Walch et al. [45] reported on three patients with olfactory neuroblastoma treated with a combination of endoscopic surgery and Gamma Knife. Stereotactic radiosurgery was performed within the first 3 months of surgery. The maximum diameter of the tumors was approximately 24.3 mm and the marginal dose to the tumor varied from 16 to 34 Gy; 1–5 isocenters were used. Radiation-induced side effects were nasal discharge and crusts. One patient developed bilateral frontal chronic sinusitis, and in a second, endoscopic operation was necessary.

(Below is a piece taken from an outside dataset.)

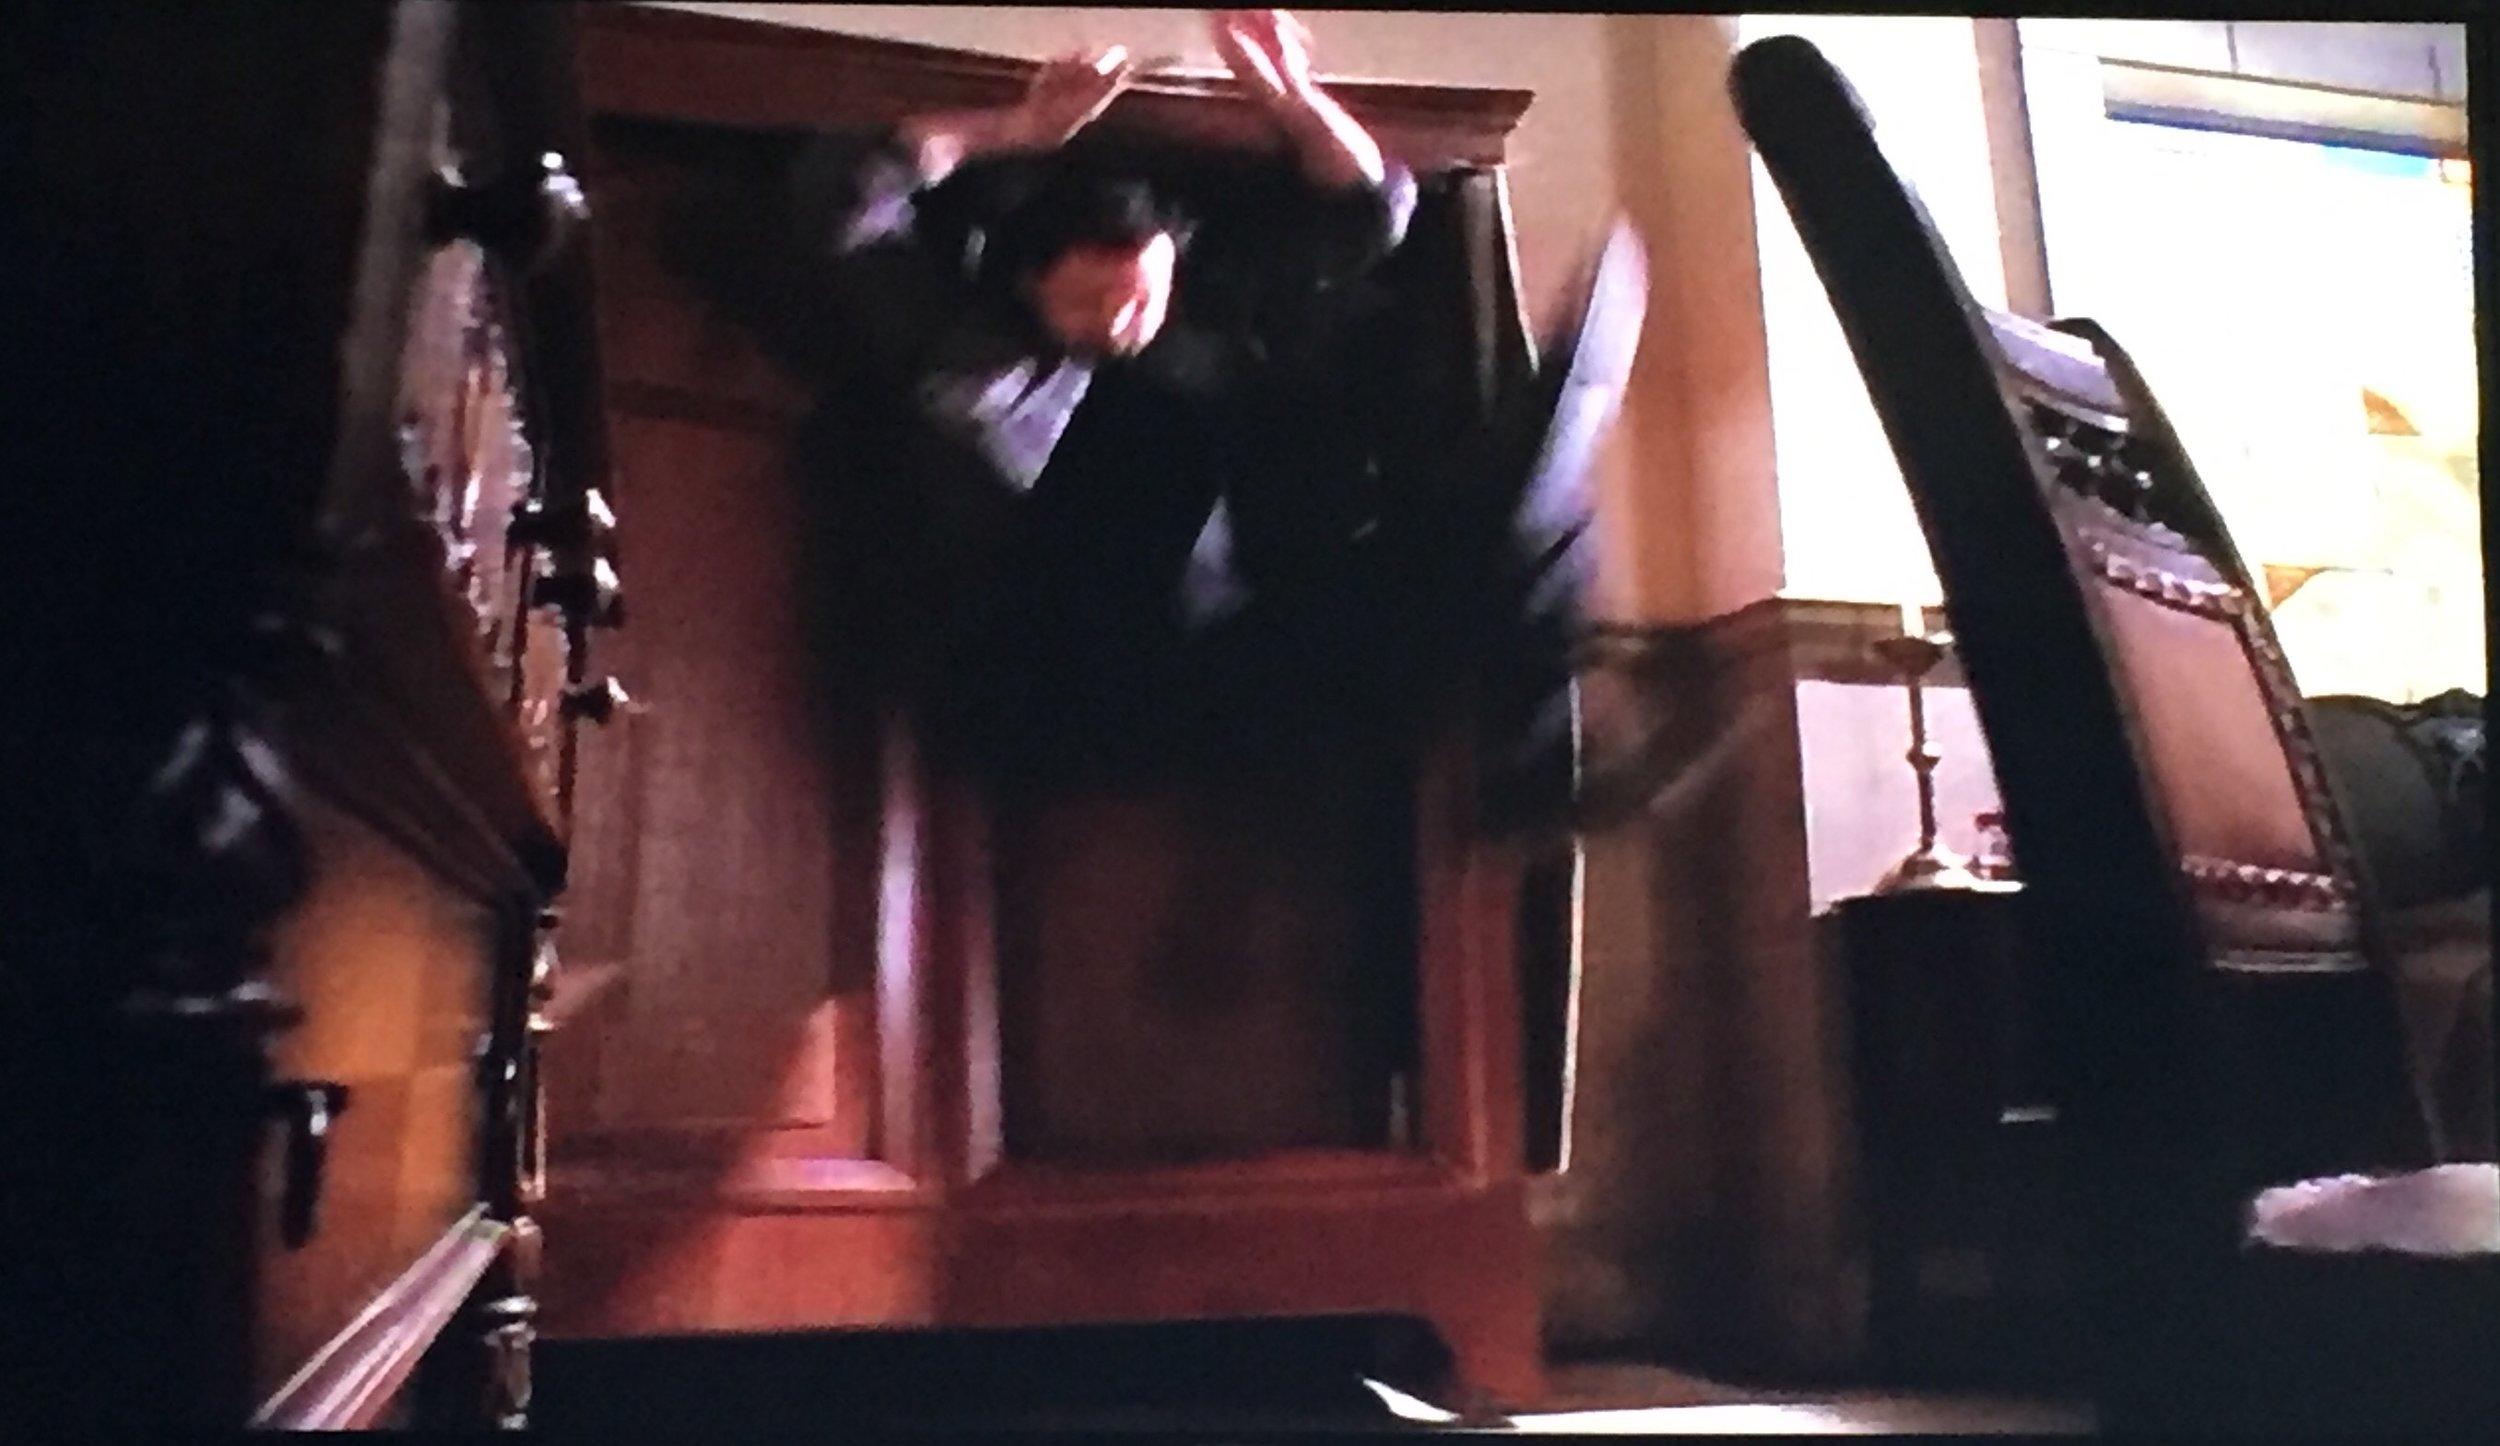 ...flies into a wardrobe...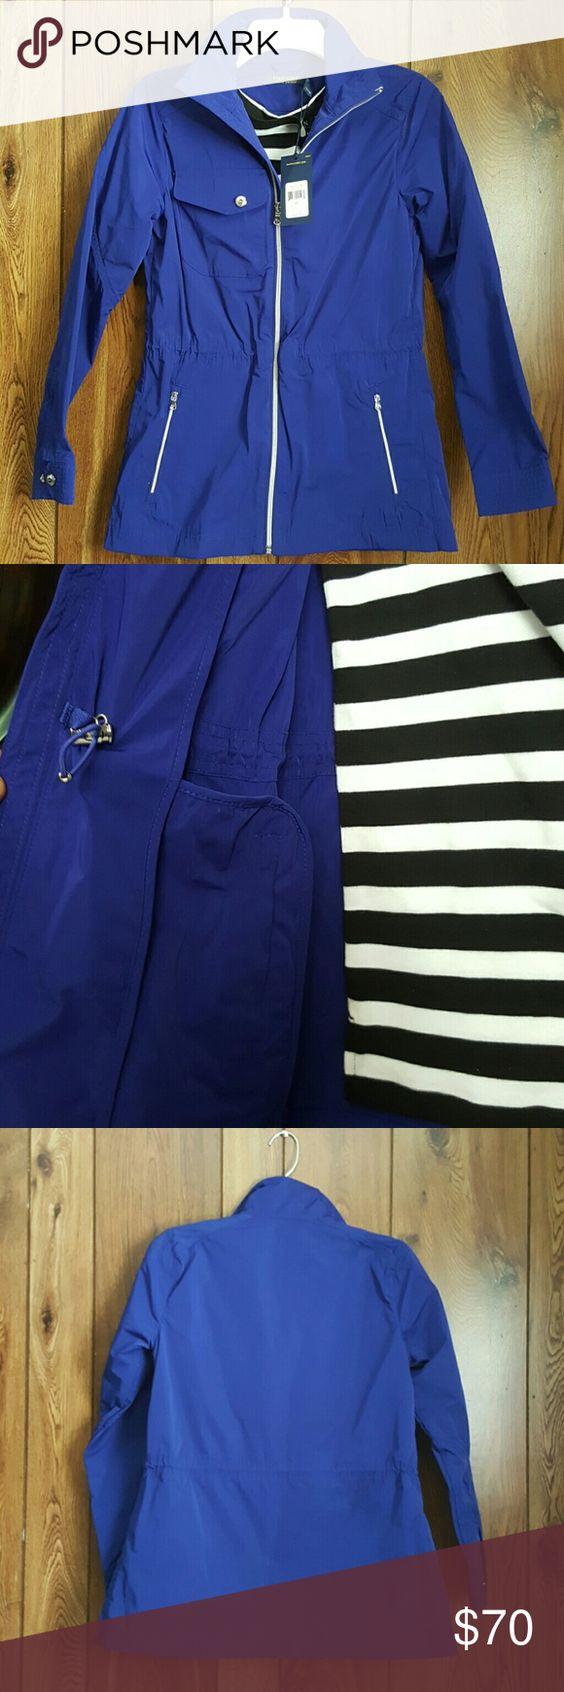 NWT  Ralph Lauren Golf jacket New  Stylish  Adjustable  waist  Full zipper  Two zipper  front pockets Ralph Lauren Jackets & Coats

An Austrian group described the combined treatment of endoscopic surgery and radiosurgery for olfactory neuroblastoma [46]. Median marginal doses ranged from 15 to 34 Gy at a marginal isodose between 45 and 85 %. The maximum tumor volume treated with radiosurgery was approximately 20 cm3. The median follow-up period was 58 months. Observed radiosurgical side effects were mild and transient, such as cephalea and dizziness. No changes in mental status were observed. No new pathology of the optic pathway was described during follow-up.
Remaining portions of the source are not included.